During CNN’s forum on school shootings this week, Sen. Marco Rubio (R-Fla.) faced an outraged parent, whose daughter was shot, and who couldn’t understand the Republican senator’s opposition to an assault-weapons ban.
Rubio responded that the original assault-weapons ban “failed” after its passage in 1994. But is that true? The Washington Post had a good piece on this yesterday, taking a closer look at the data, and concluding that the since-expired law “had a significant impact.”
The 1994 law included a ban on 18 specific models of assault weapons, as well as a ban on any firearms containing certain military-style features, like a bayonet mount, a flash suppressor or a folding stock.

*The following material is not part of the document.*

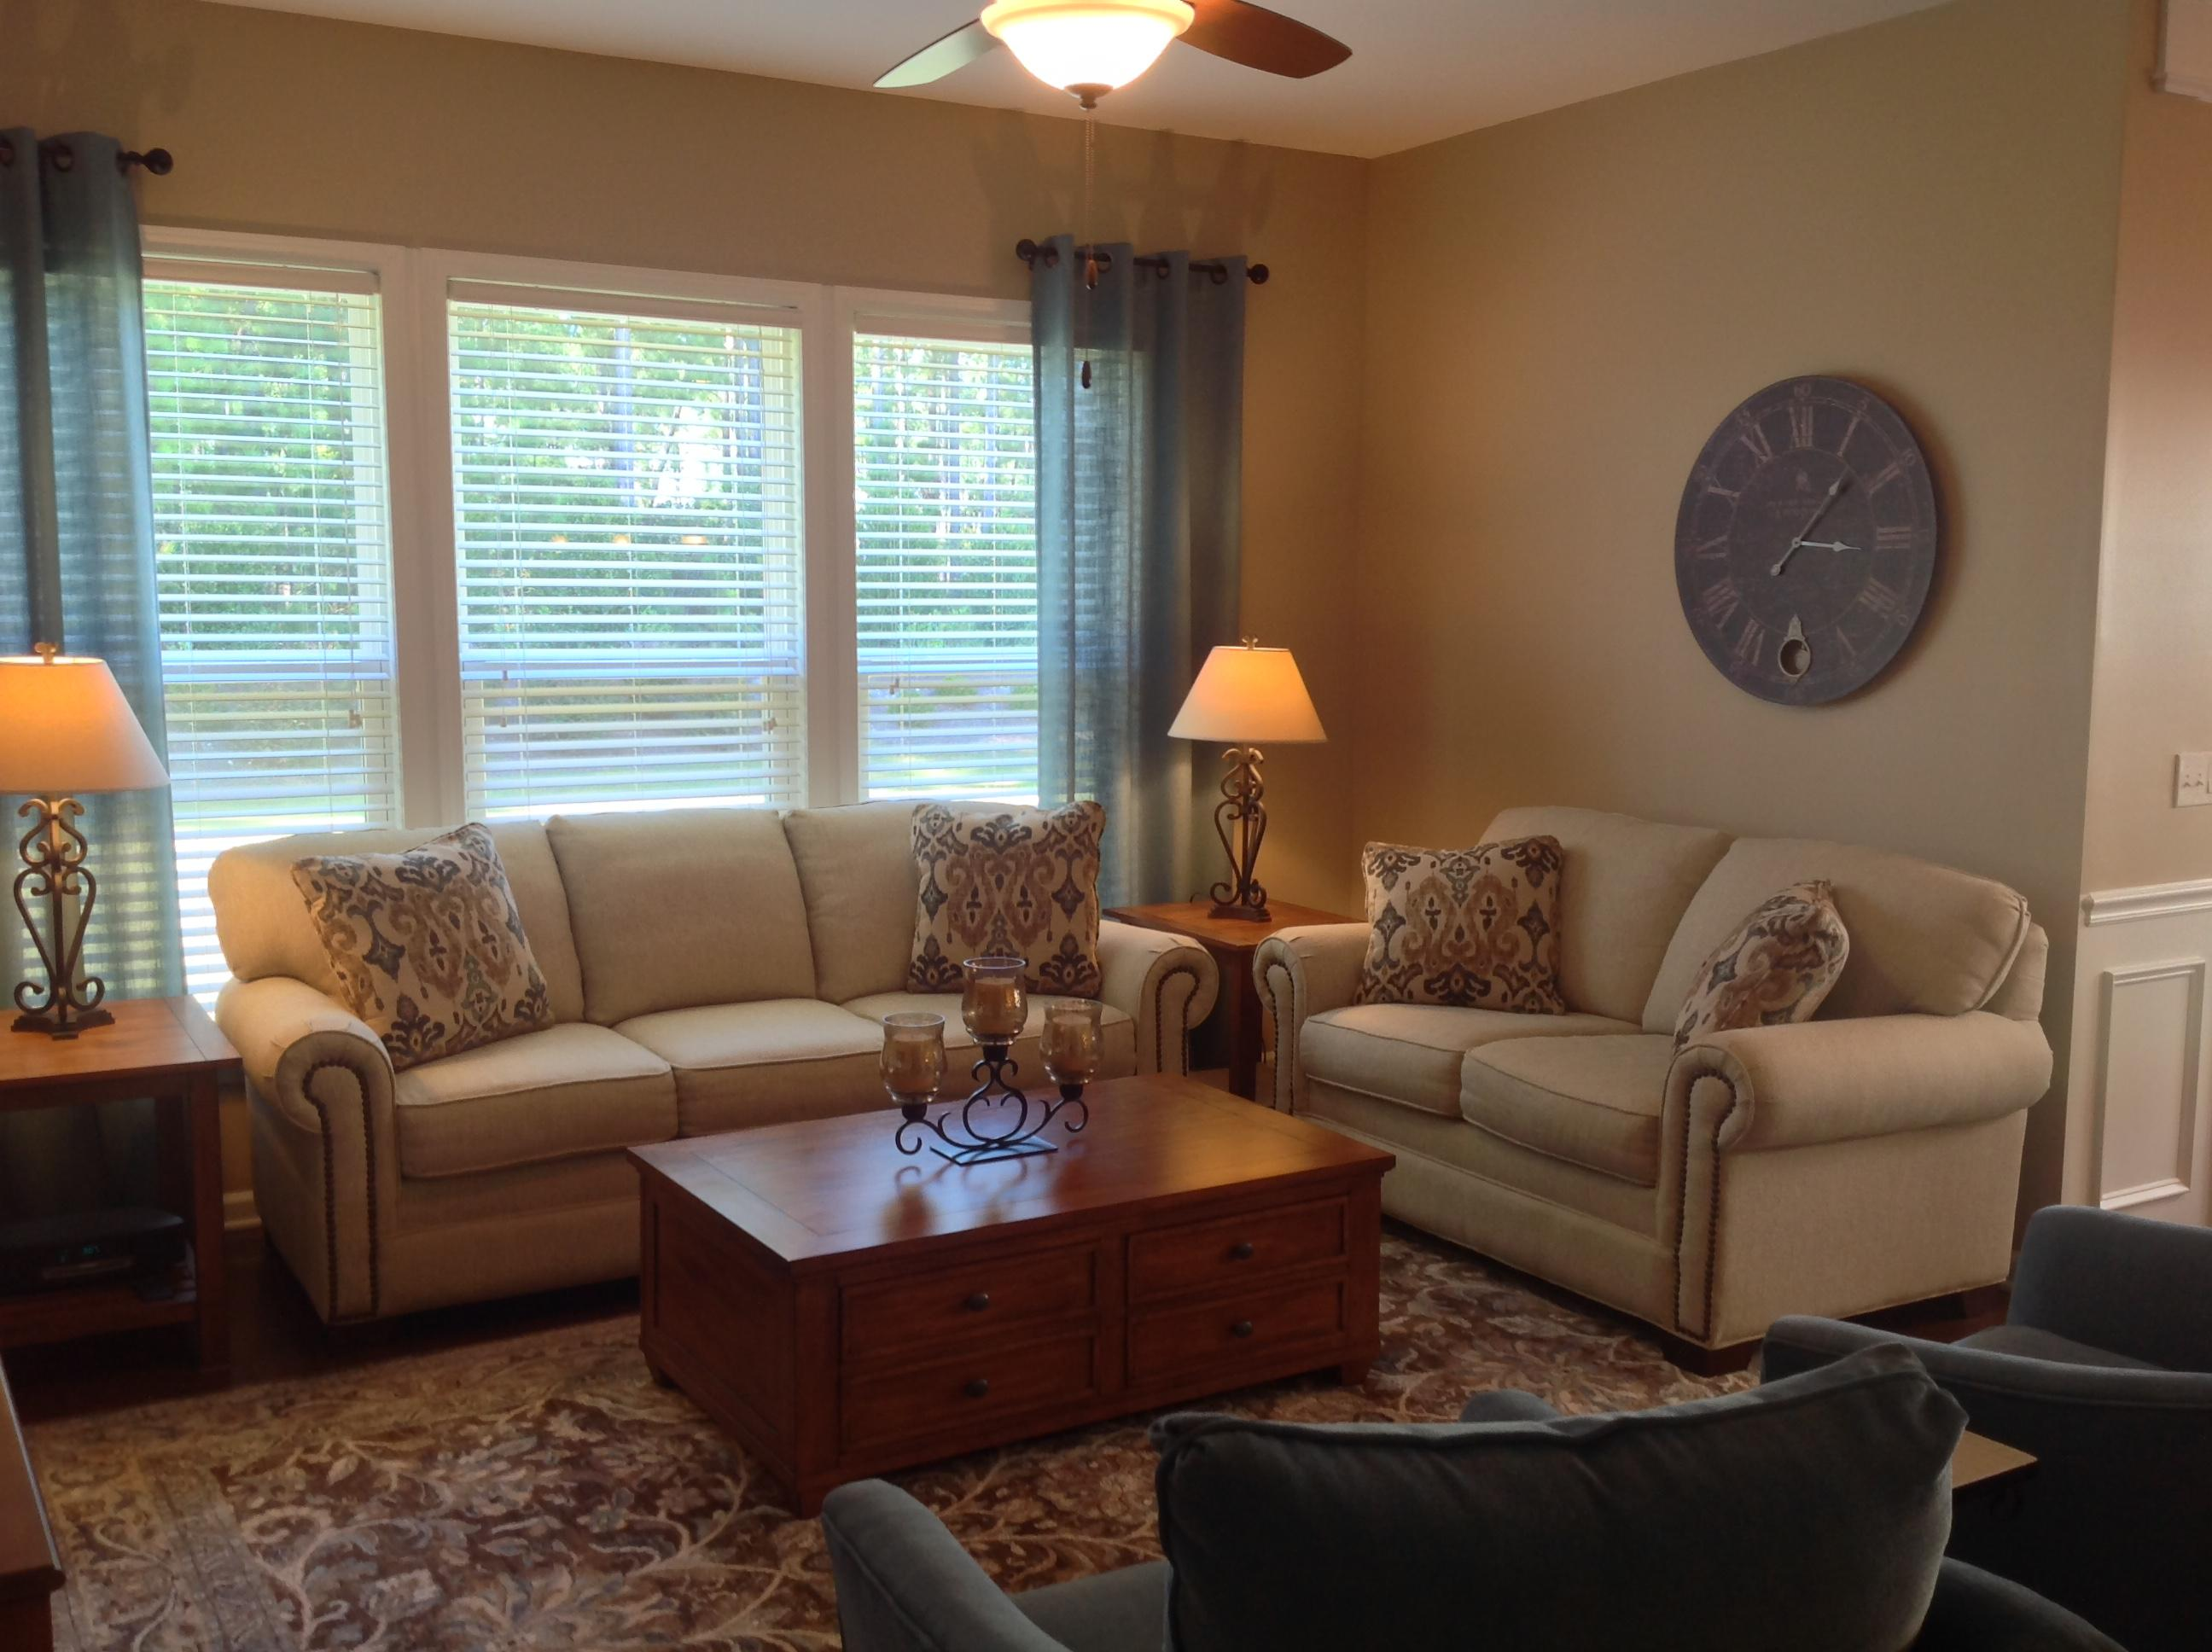 Cane Bay Plantation Homes For Sale - 547 Eastern Isle, Summerville, SC - 8

It also banned high-capacity magazines capable of holding more than 10 bullets. The bill allowed individuals already in possession of such weapons to keep them. It was also set to expire after 10 years’ time.
“The original intent of the assault weapons ban was to reduce the carnage of mass shootings,” [Louis Klarevas, a researcher at the University of Massachusetts at Boston who wrote a 2016 book on mass shooting violence] said. “And on that front the data indicate that it worked.”
Klarevas has compiled data on gun massacres involving six or more fatalities for the 50 years before 2016. His numbers show that gun massacres fell significantly during the time the assault weapons ban was in place, and skyrocketed after the ban lapsed in 2004.
In the American tradition, the country has repeatedly responded to brutal gun violence by imposing new restrictions — each of which was permissible under the Second Amendment. One of the reasons fully automatic weapons aren’t generally available to the public, for example, was the response to the St. Valentine’s Day Massacre in 1929.